Старик, попыхивая «Памиром», хмуро объяснил:
— Если не хотим сами себе выкопать могилу, мы должны быть очень осторожными, башлык! Ты думаешь, чарджоус-кая милиция спит? Я тебе должен объяснить, как они работают? Откуда ты знаешь, что собаки не бегут по нашим следам? Что...
Слово застряло у него в горле, потому что у Старика начался приступ кашля. А Длинному не хотелось возражать ему, хотя после сказанного Стариком он невольно обернулся и посмотрел туда, откуда они шли. «Зачем с ним спорить,— думал он,—нельзя обижать того, кто столько сделал мне добра... Столько, сколько я не видел от родного брата.
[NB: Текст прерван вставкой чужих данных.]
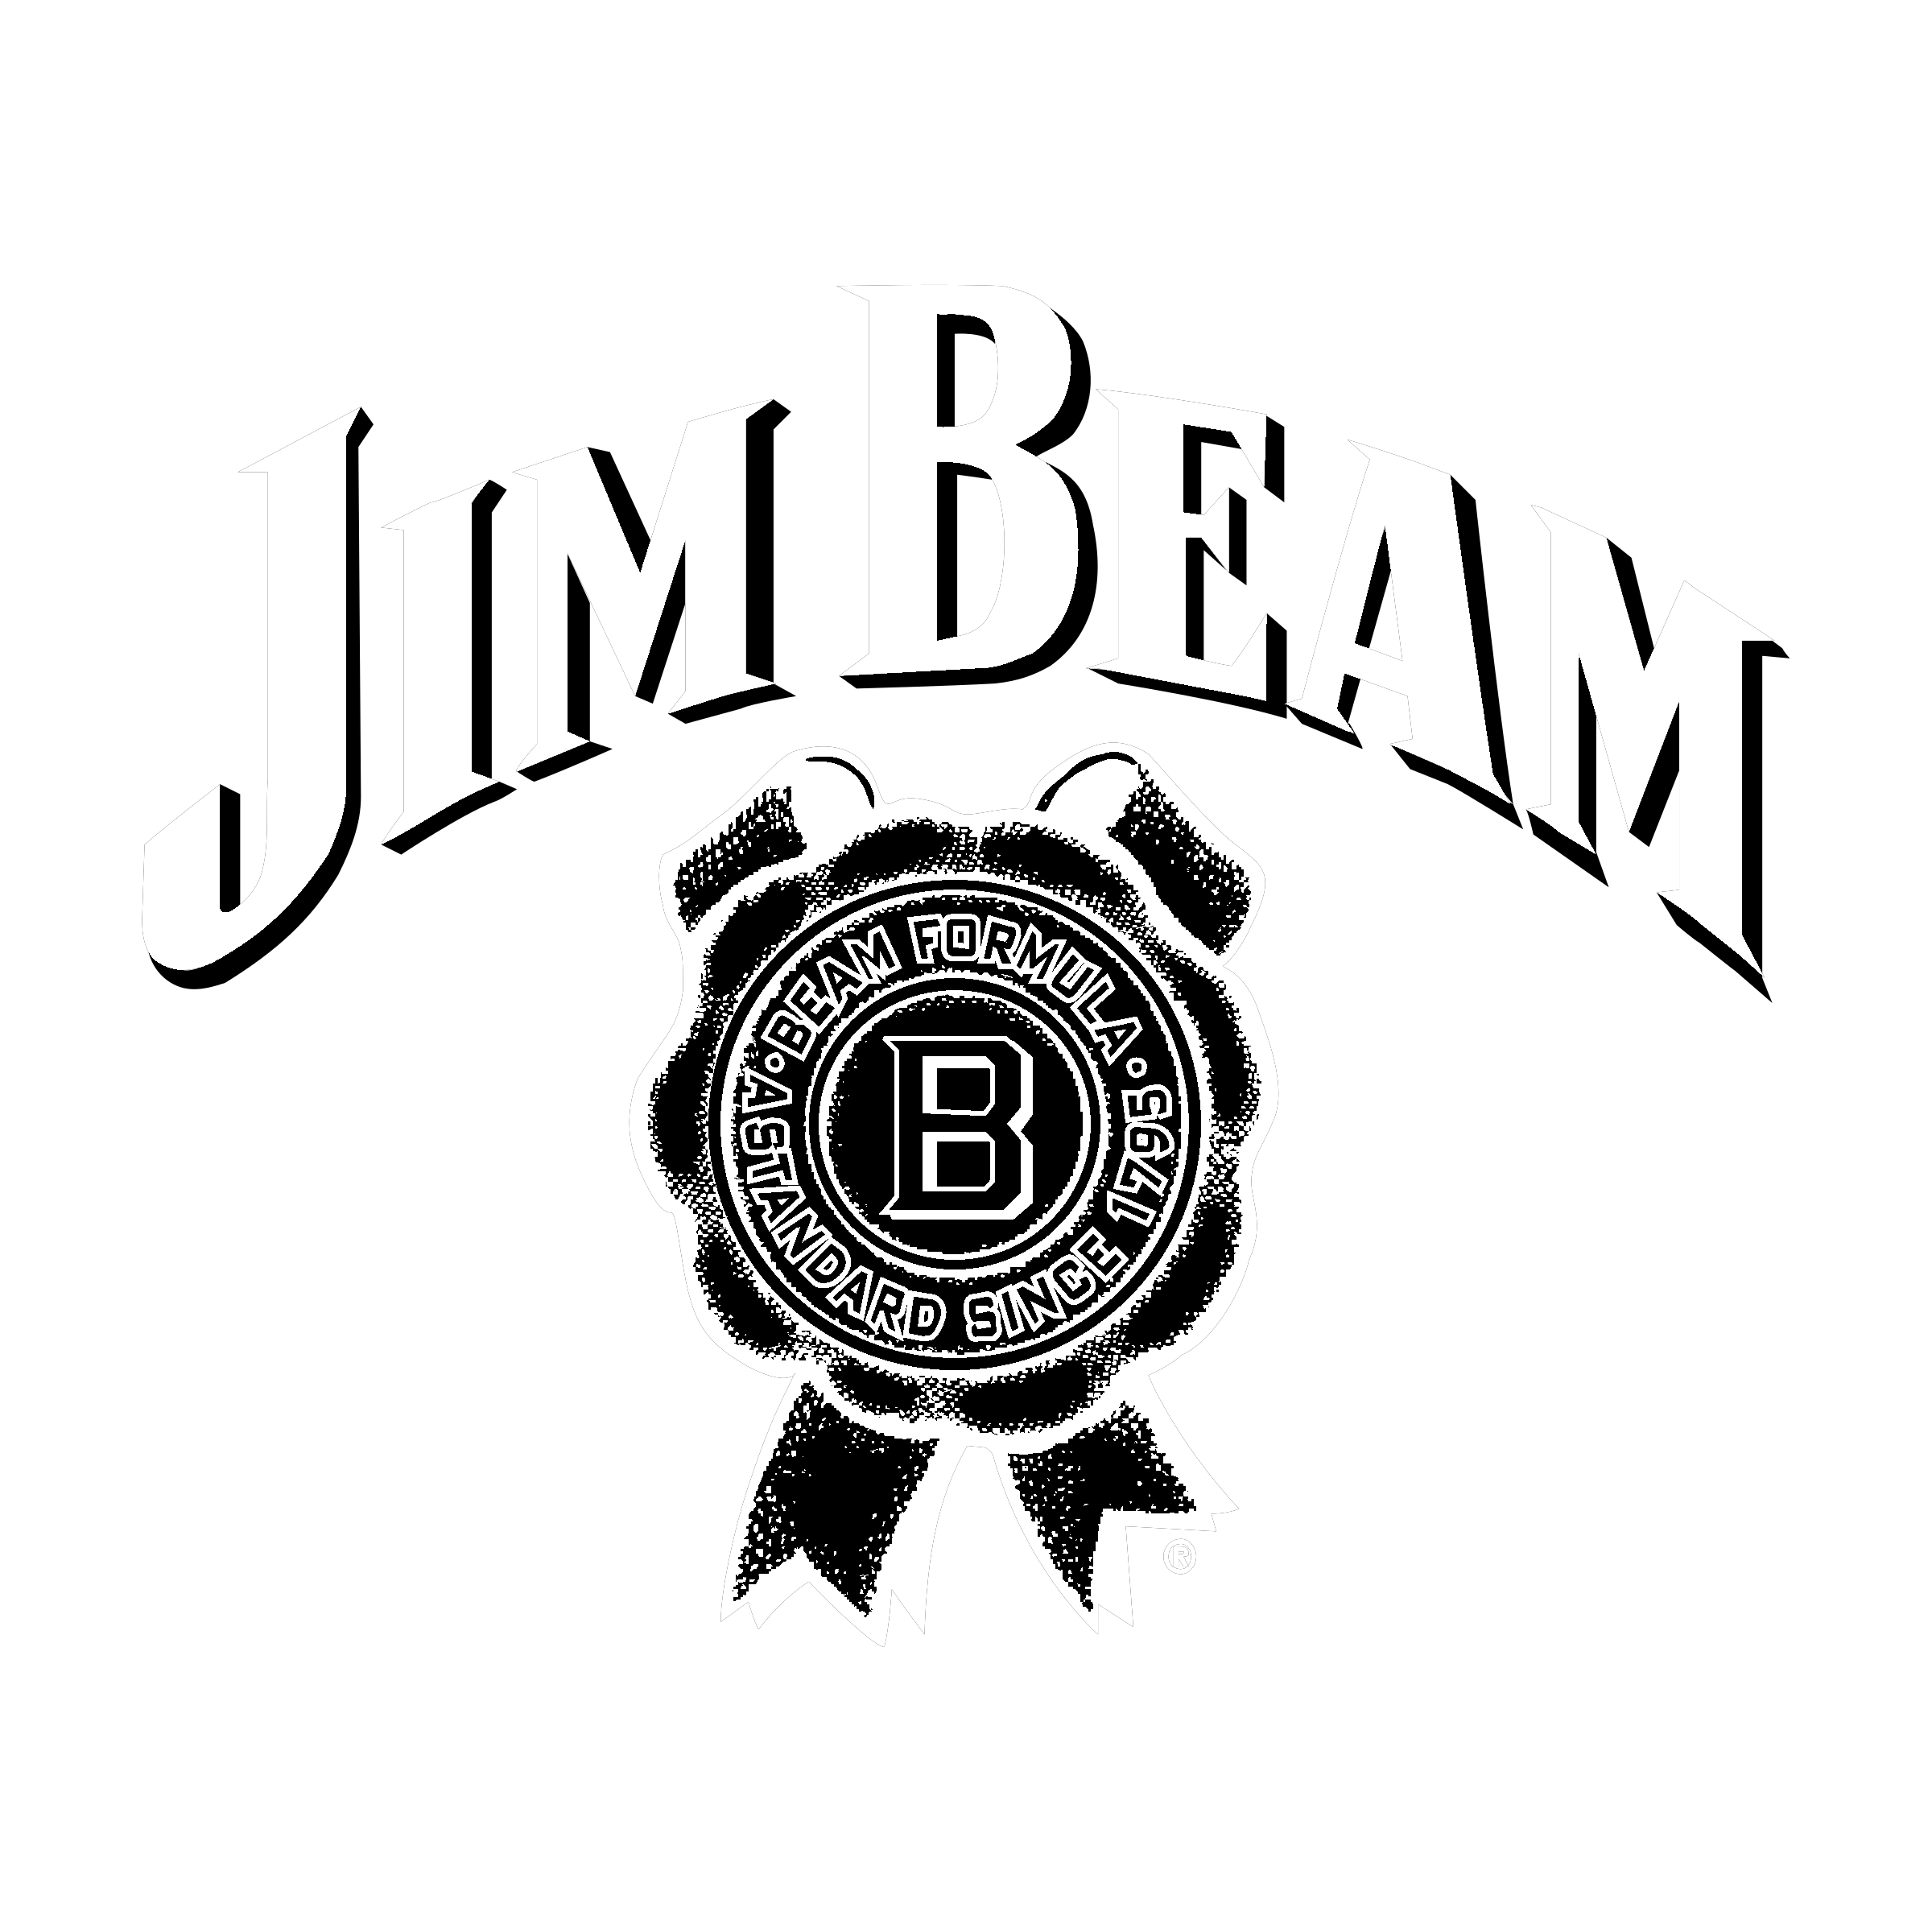 jim-beam-logo-black-and-white.png

Аллах не помог, а он выручил,..»
Длинный мысленно перенесся в прошлое.Судьба свела их вместе лет пятнадцать тому назад в исправительно-трудовой колонии. Когда Длинному оставались до освобождения считанные деньки, он не удержался, чтобы не позариться на добро одного из осужденных. В вспыхнувшей драке к затылку Длинного был приставлен нож. Еще секунда... Но случай спас ему жизнь. Откуда ни возьмись появился пожилой человек и палкой, на которую он опирался, отстранил нож. Это было воспринято как приказ. Длинного никто больше пальцем не тронул.
Он тогда бросился к своему освободителю, не зная, чем его отблагодарить. Но его спаситель в благодарности не нуждался. Хотя его и донимал кашель, с гордой осанкой он вышел из барака. Это и был Старик.
Настал день освобождения, и они встретились еще раз. Их освободили в один и тот же день, поэтому они вместе прощались с начальником колонии в том помещении, откуда выходят за ворота без охраны, вместе дали обещание никогда сюда не возвращаться.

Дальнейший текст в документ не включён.